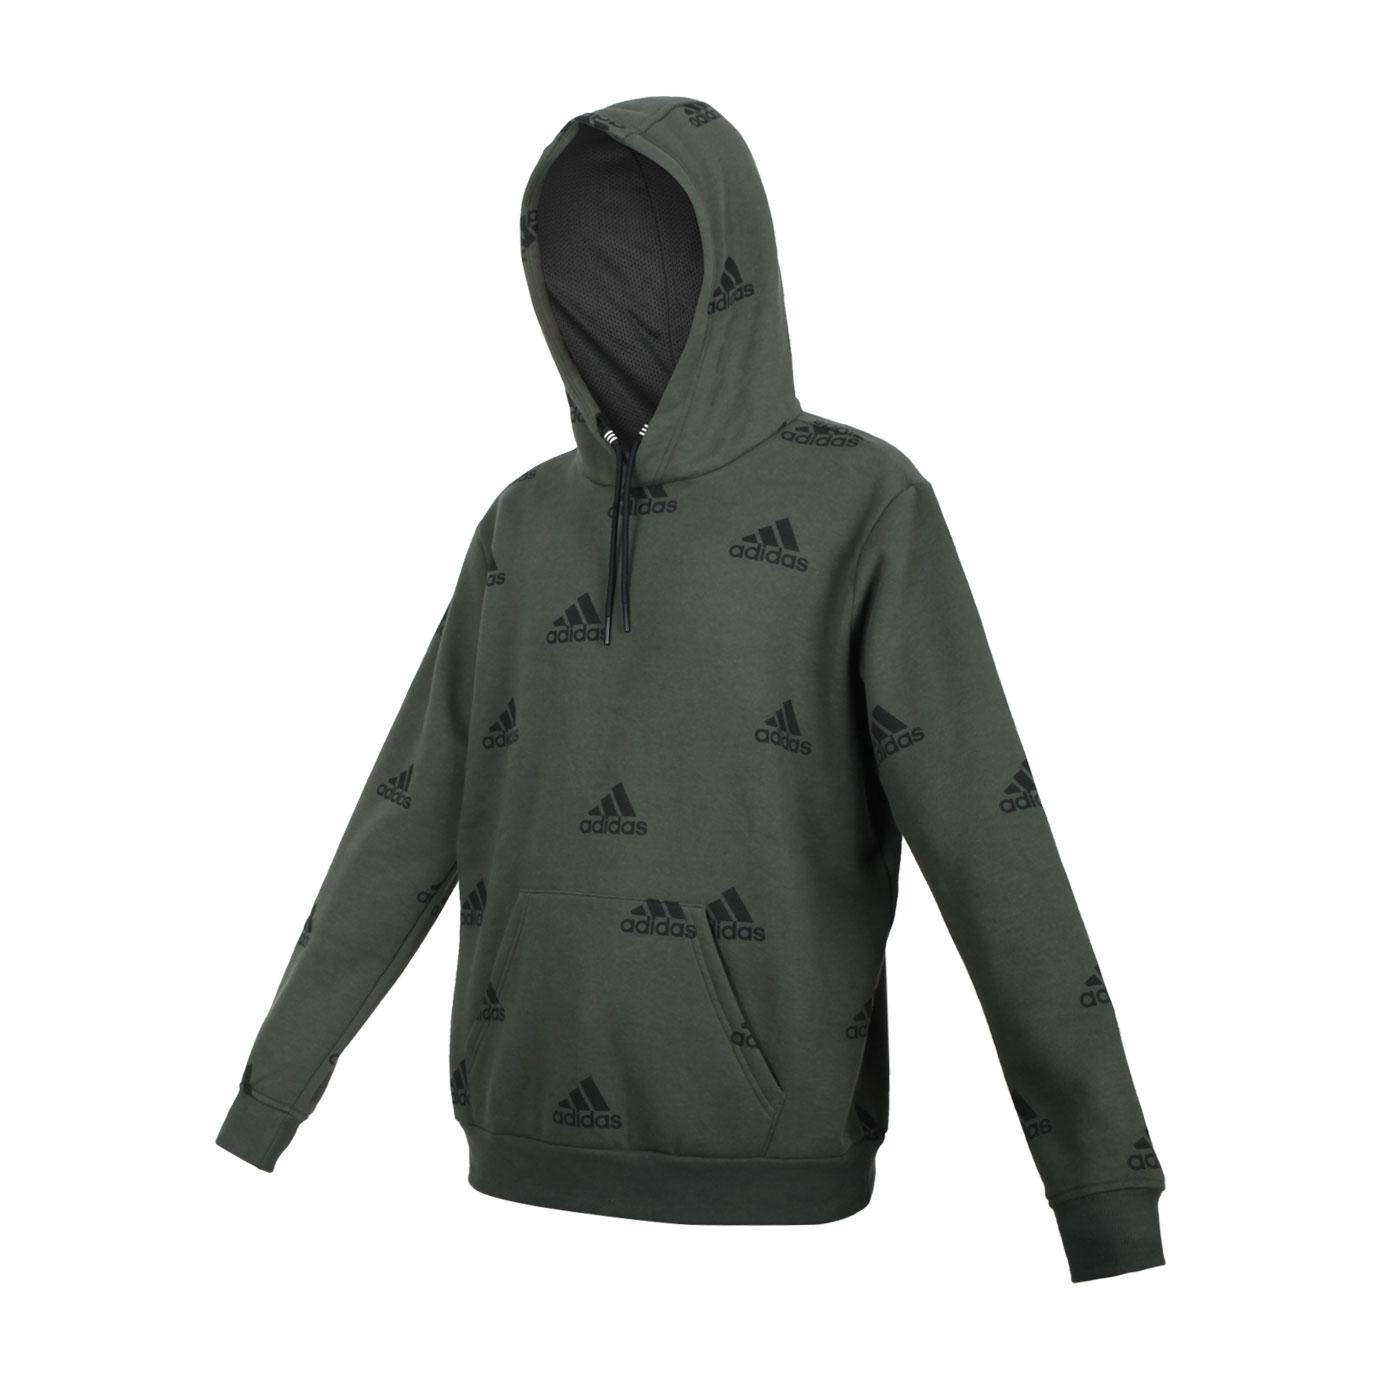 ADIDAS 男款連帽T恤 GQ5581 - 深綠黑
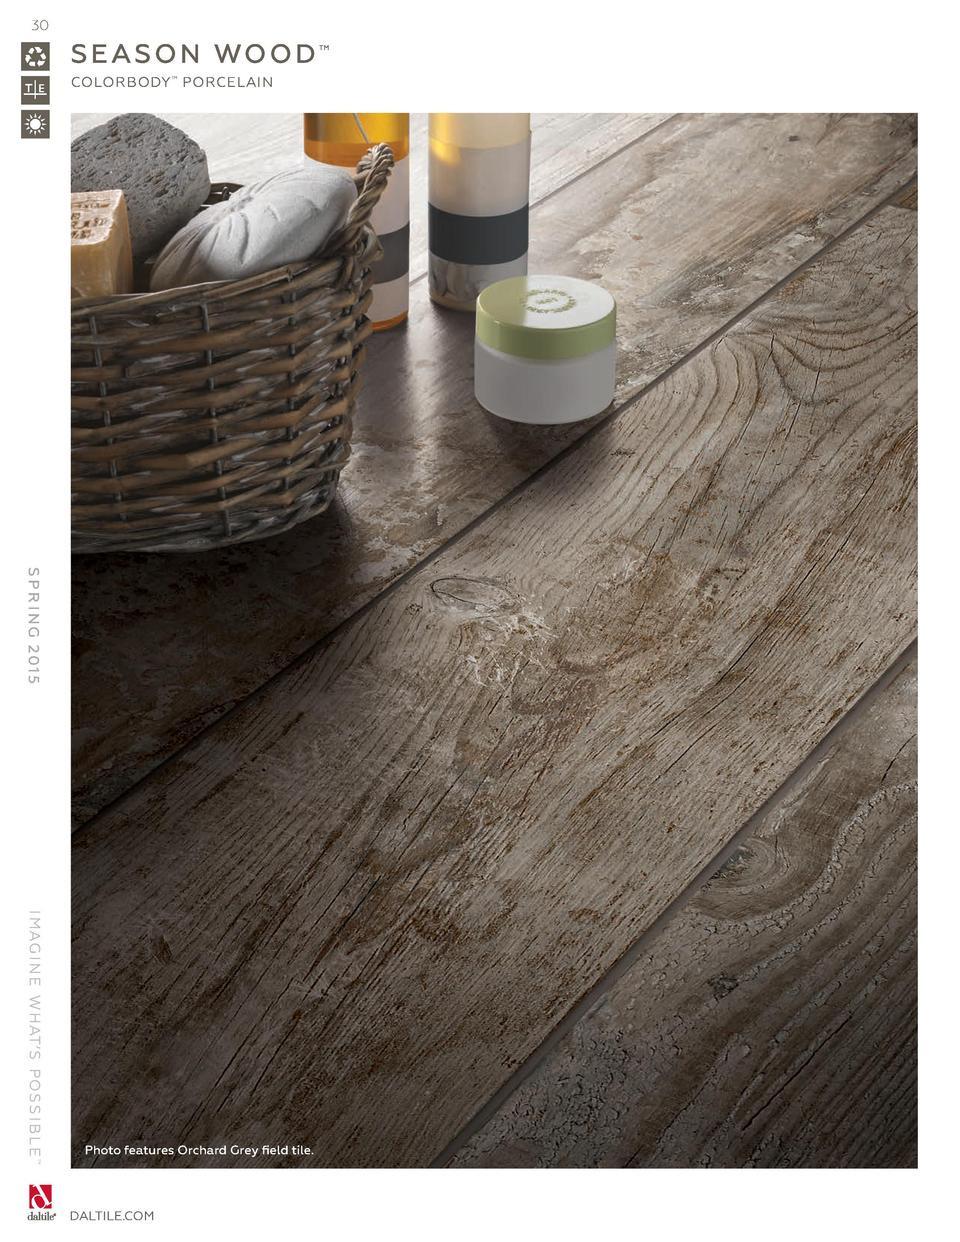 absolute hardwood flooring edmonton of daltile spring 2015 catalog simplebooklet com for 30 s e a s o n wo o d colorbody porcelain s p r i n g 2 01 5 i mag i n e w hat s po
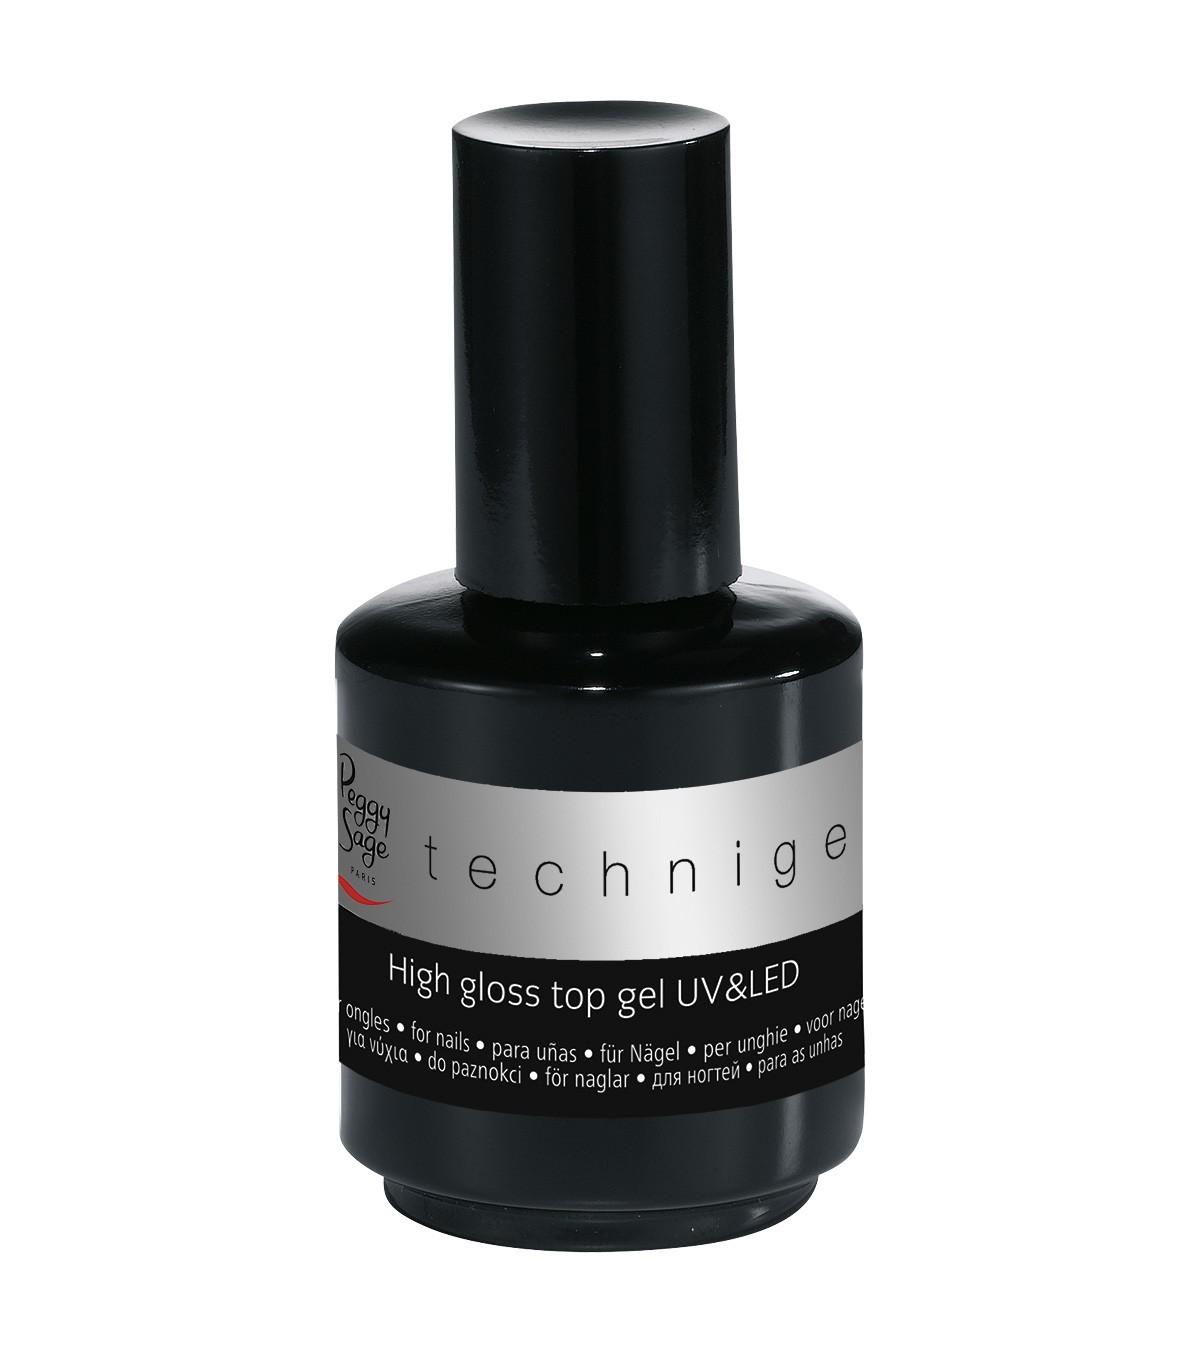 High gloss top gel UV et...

§ §

PROBLEM REQUIREMENTS – Output the data exactly. Leave every picture out.

WRITTEN REPLY –
 ADIDAS 男款連帽T恤 GQ5581 - 深綠黑
 absolute hardwood flooring edmonton of daltile spring 2015 catalog simplebooklet com for 30 s e a s o n wo o d colorbody porcelain s p r i n g 2 01 5 i mag i n e w hat s po
 High gloss top gel UV et...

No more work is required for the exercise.